The image above was a 25 second exposure on f/10 and ISO 800 taken at 7:25 AM. I used that to get a feel for how the scene looked as it was still too dark to make out much of the details and color in the sky with my eyes alone.
I didn’t mind the grass but I chose to focus on the sky and its reflection so a few steps to the right and setting up closer to the waterline was the next step. The clouds in the image above made a great frame around Rundle and the pre-sunrise colors intensified considerably by the time that I made this photograph at 7:35 AM.
The pre-dawn light’s color faded out before 8 AM. The lull before the fire came into the sky did not last long and I soon caught the first hints of pink catching in the clouds. The photograph of Tunnel Mountain, Mount Rundle and Sulphur Mountain above was taken at 8:10 using a 2 second exposure on f/16 at ISO 50. The light soon caught the clouds hanging low above the mountains in the image below (8:13 AM; 0.8 seconds; f/16; ISO 50). From there the reds and oranges started to splash across the sky above the Bow Valley.
By 8:16, the pinks had been driven off completely.

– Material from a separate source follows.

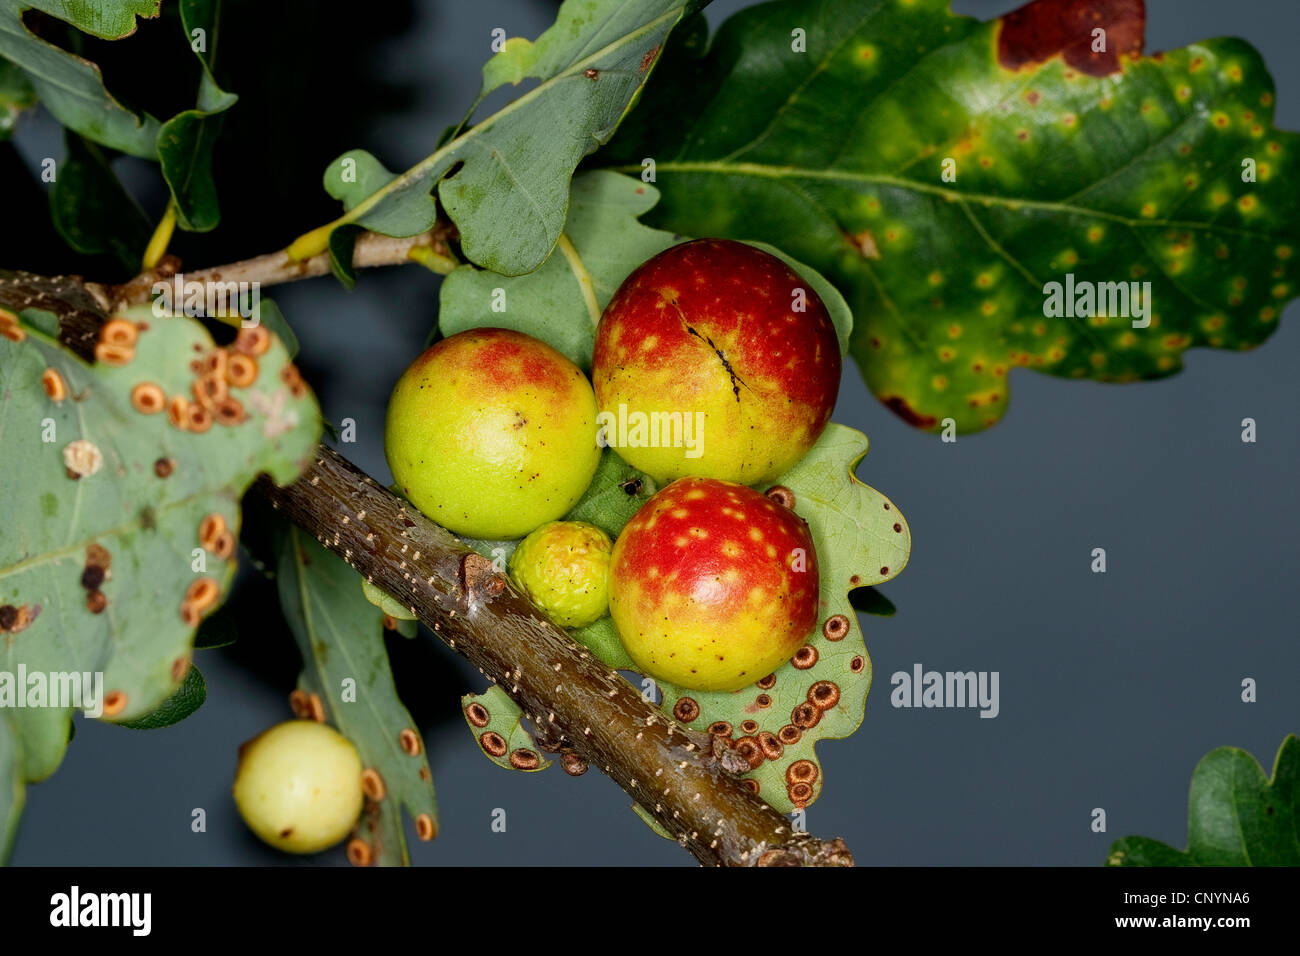 Le chêne commun gallwasp feuille de chêne, noyer, cerisier cynips galle gall (Cynips quercusfolii), les galles de chêne à la face inférieure d'une feuille de chêne, Allemagne Banque D'Images

Now the trick was to hold the really bright circle of sky left of Mount Rundle (in the centre of the image below – 0.6 seconds; f/16; ISO 50)). I was exposing off of that circle so that the highlights weren’t completely blown knowing that the RAW file captured by my camera would hold detail in the shadows elsewhere which I could recover in post.
I played with the focal length of several images during the exposure. This created streaks in the photograph which served as interesting leading lines into the sunrise and Mount Rundle. I shared my favourite one of these on the weekend (here) and below is another that I really liked as well. This one has more brightness in the foreground so it has a different feel for me (8:20; 0.5 seconds; f/16; ISO 50).
By 8:20, the fire was waning and only golds and oranges outlined the silhouette of the mountains. The photograph below being one of the last from my shoot (8:22; 0.3 seconds; f/16; ISO 50).
I jumped into a last frame just before the sun came over Rundle’s flank. I had wanted to catch a sunstar as it crested the mountain but the clouds got in the middle as can happen. That exposure was taken at 8:50 AM with a 4 second exposure (f/16 and ISO 100) using a heavy neutral density filter to get the extended shutter speed. A beautiful morning in one of those places I love returning to again and again. It’s rare that it doesn’t share a new look, or a few of them, with me each time.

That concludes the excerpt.